Outlook rosy for USMCA’s prospects in Congress

Members of the private sector anticipate the renegotiated NAFTA will pass Congress even as political factors could change.

   Private sector members last week expressed optimism that the U.S.-Mexico-Canada Agreement (USMCA) will pass Congress, even if party composition significantly changes.
   “Come January 3, 2019, in the U.S., there’ll be a newly elected Congress, so potentially, a whole different group of lawmakers will be tasked with voting on the USMCA,” said KPMG U.S. National Practice Leader for Trade and Customs Andrew Siciliano during a webinar conducted by his firm Oct. 16. “But all indications are it should pass.”
   American Automotive Policy Council President Matt Blunt during a Washington International Trade Association (WITA) panel discussion on Oct. 18 expressed a similar sentiment.
   “If party control changes in one of the chambers, that does make it more difficult for the [Trump] administration to win approval of USMCA, but it’s still, in my opinion, highly doable,” Blunt said. “I think all of industry, [including] agriculture, will all be united with an argument that it’s really USMCA or no NAFTA. And we’ll push aggressively on all fronts to encourage Congress to pass the requisite legislation.”
   During the WITA event, International Food Policy Research Institute senior research fellow Joe Glauber said if USMCA’s alternative is no NAFTA, “there will be a long, strong push to get it through with the members” of Congress.
   But NAFTA will likely remain in effect through 2019, Siciliano said during the webinar.
   Trade Promotion Authority (TPA) legislation established several procedural timelines that must conclude before a trade agreement negotiated by the U.S. can enter into force.
   One of those procedures is an International Trade Commission (ITC) submission to Congress of a report on the likely economic effects of the trade agreement.
   TPA requires the ITC to submit this report to Congress no later than 105 days after the president enters into the agreement, which could happen as early as Nov. 29, according to timelines laid out in the enacted legislation.

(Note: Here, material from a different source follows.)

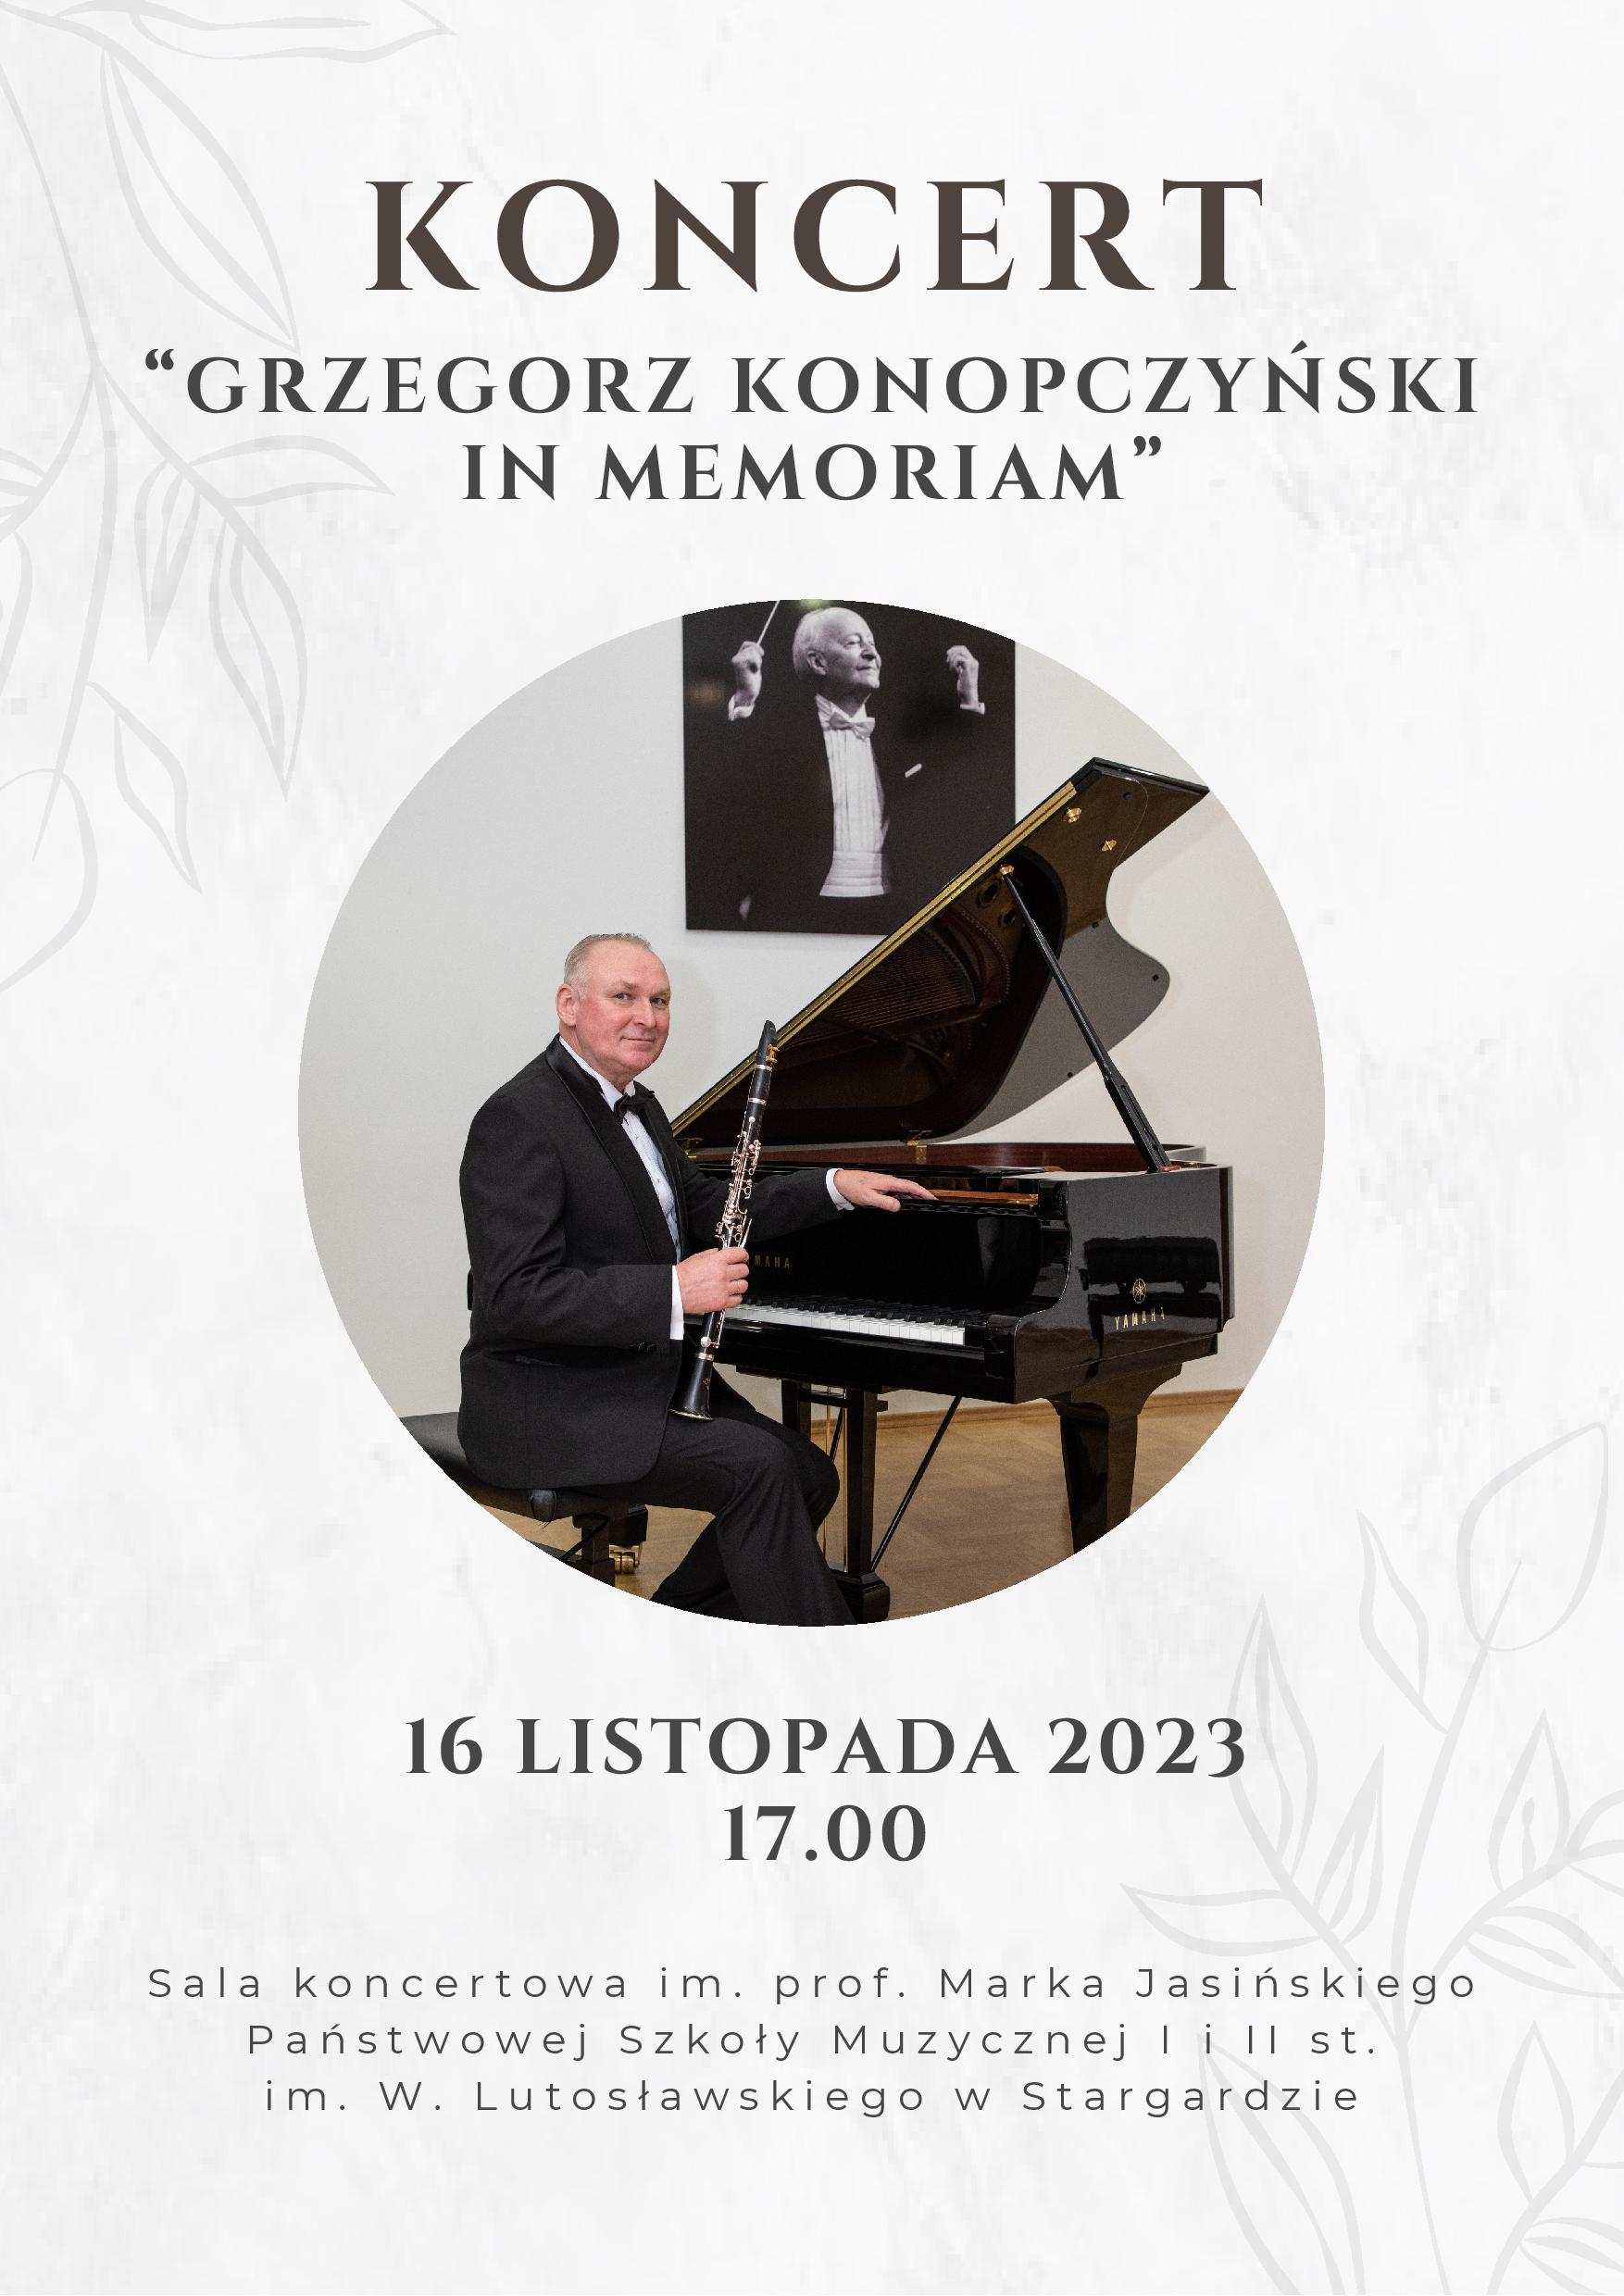 Plakat koncertu "Grzegorz Konopczyński in memoriam" w dniu 16 listopada 2023. Na plakacie w pozycji centralnej umieszczone jest zdjęcie śp. Grzegorza Konopczyńskiego siedzącego w przy fortepianie i trzymającego w prawej ręce klarnet.

That would give the ITC until March 14 to submit the report to Congress. The commission on Tuesday announced that it has started the required review.
The executive branch must provide Congress with the final legal text of the trade agreement and an accompanying statement of administrative action to implement the USMCA 30 days before it submits the implementing bill to Congress.
   Once Congress receives the implementing legislation, TPA provides a total of 90 days for Congress to put implementing legislation through relevant committee processes and to pass the legislation before the President signs it into law.
   Mexico and Canada also must funnel USMCA through their parliamentary approval processes. According to USMCA text, each government must notify other parties in writing after completing their respective domestic approval procedures. USMCA will enter into force on the first day of the third month following the last notification, according to the text.
   Only if the president, U.S. Congress and Canadian and Mexican legislatures follow the above timelines aggressively could USMCA could enter into force as early as late summer/fall 2019.
   Congressional Republicans have largely expressed favor for the renegotiated NAFTA, and key Democrats haven’t written it off.
   “I think, in a nutshell, the likelihood of full implementation is probably not until sometime in early 2020,” Siciliano said. “That means if you weren’t using NAFTA or are using it today and want to switch over, you have about one year to prepare and get ready for the USMCA.”
   Gisele Belotto, a managing director in KPMG’s Trade and Customs Practice, agreed with Siciliano on the general timeline, noting entry into force will take “at least a year.”